A further consideration, complicating the growth process, is the perceived need for constant improvement. Presumably, as in many things we do, we get better with experience and, as elsewhere in life and unless we are particularly obtuse, we are always learning to some degree. But the mania, the pressure, to upgrade our skills is largely promulgated by teachers, performers, and competition organizers. This has resulted in a kind of mini-industry within tango that supposedly will help us achieve some kind of mastery. Unfortunately, this is a never-ending process because not only is total mastery of our craft an impossibility but it is perpetuated by a system that has a vested interest in promoting its attainment.

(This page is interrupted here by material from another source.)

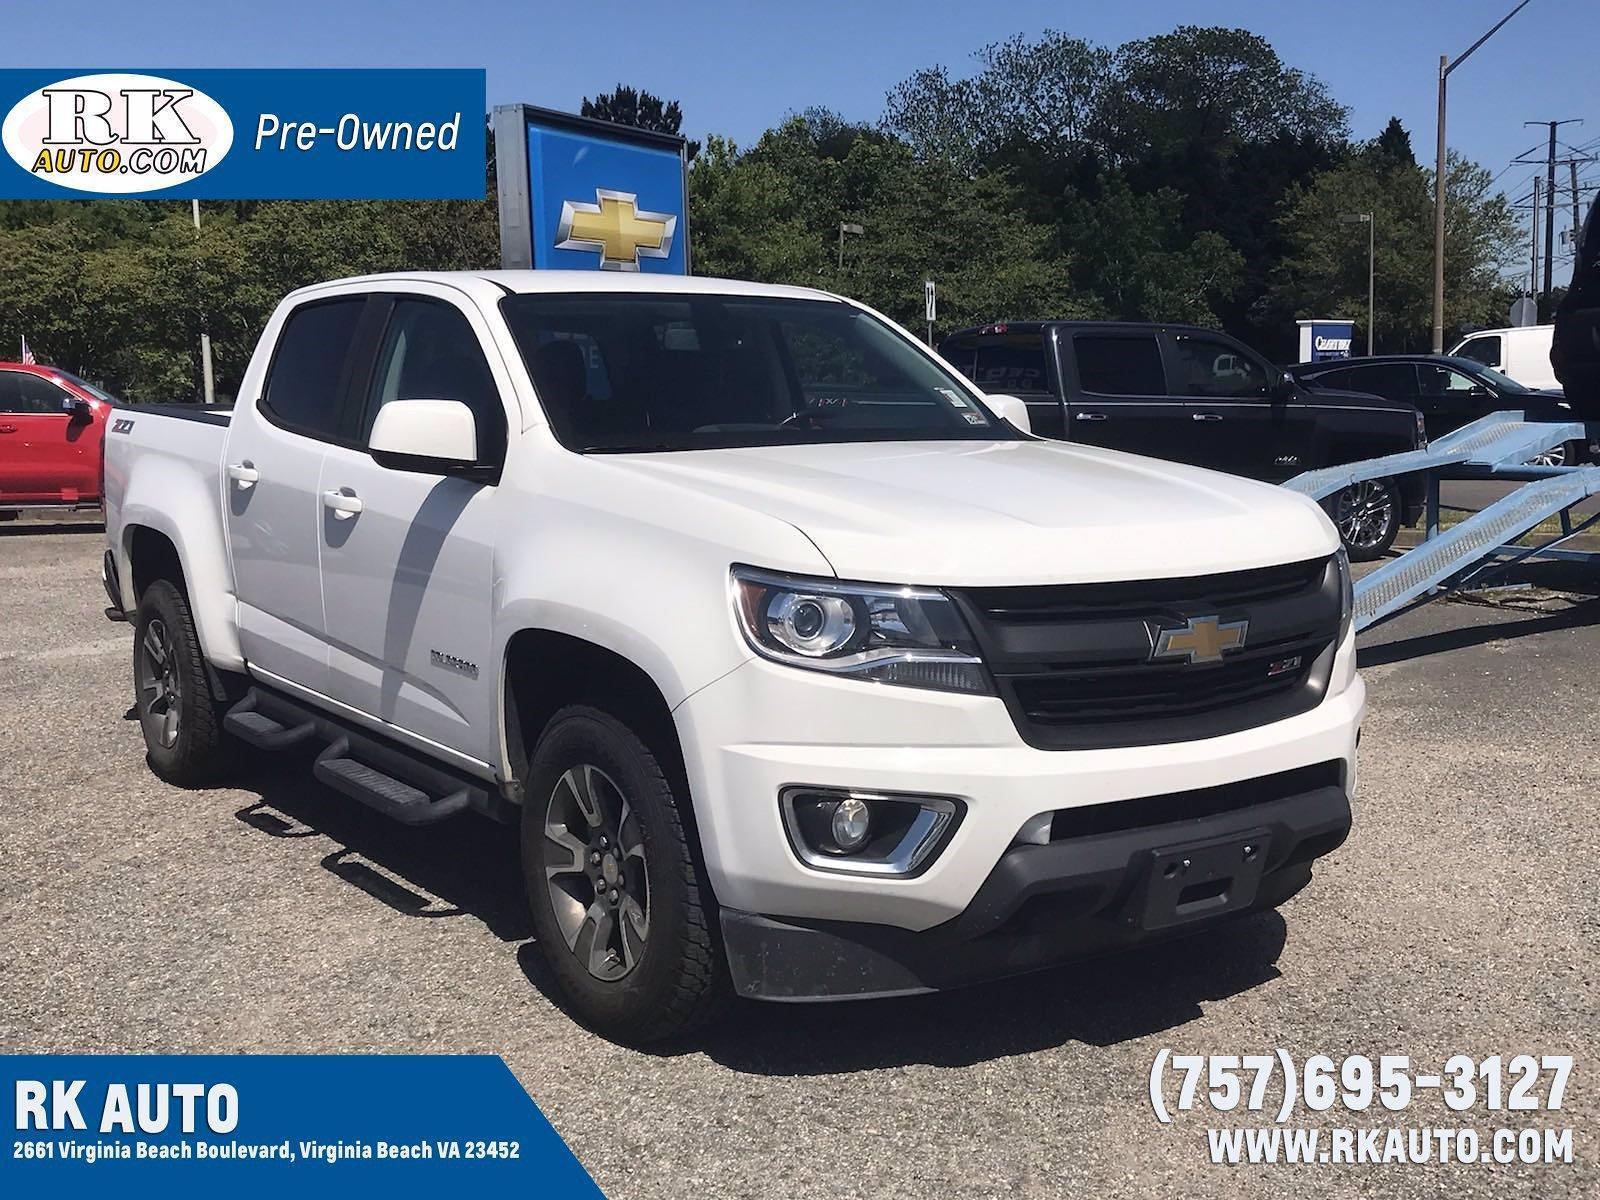 2020 Chevrolet Colorado Crew Cab 4x4, Pickup #216962A - photo 1

Veronica Toumanova is a dancer and an astute observer of the social dynamics at play within tango. In an article entitled “Why tango dancers lose interest in improving their skill,” which, as its title suggests, examines why dancers give up on learning, she writes:

I see many dancers end up in a situation in which they want to dance with better dancers but do not manage to reduce the difference in skill. They don’t progress because they have lost the pleasure in learning, and they lost the pleasure in learning because they have stopped believing that they can get to a level of skill high enough to become desirable. They lost confidence in themselves as successful learners.

There is some truth to this, of course, in the sense that we can give up on learning through disappointment or failure. However, the assumption is that the better we are, the more skilled we become, the greater the number of our potential dance partners will be. We will become “desirable.” The problem is that this approach treats the learning process as largely instrumental. In other words, we do not learn because we enjoy the process, the acquisition of new knowledge or skills, but to increase our marketability on the dance floor. If we improve, we become a more desirable partner and those we want to dance with are more likely to want to dance with us. In reality, however, and with certain exceptions, it is less a question of skill than of compatibility. We dance most and best with those who want to dance with us. (Moreover, seeing someone dance doesn’t really tell you all that much about how they will dance with you, regardless of apparent skill level.) The complex matter of partnering has more to do with our approach to the dance, our attitude, if you will, and our ability to please our partner than it does with skill per se. It helps if skill levels are matched, but it isn’t essential that there be complete parity.

Toumanova believes that we stop improving because we lose the desire to continue learning. And this happens not because we believe there’s nothing more to learn but because we grow complacent about our abilities or disappointed in our progress. As our desirability quotient declines, we grow frustrated and lose faith in the need for improvement or even its possibility.

All of this—coupled with the inconsistency and narrow focus of the learning process, the lack of suitable role models, the absence of mentoring, the fact that learners are largely unguided, the presumed need for constant improvement—is compounded by the prevalence of the traveling show of performance and performers, with whom we are constantly encouraged to compare ourselves, even if implicitly. The result is a not-so-virtuous circle of perceived inadequacy, continuous study, and comparison with ideals that are not only impossible for most of us to achieve but not intended for the world of social dancing in the first place. Like the snake swallowing its tail, in the end, we consume ourselves as well as our desire.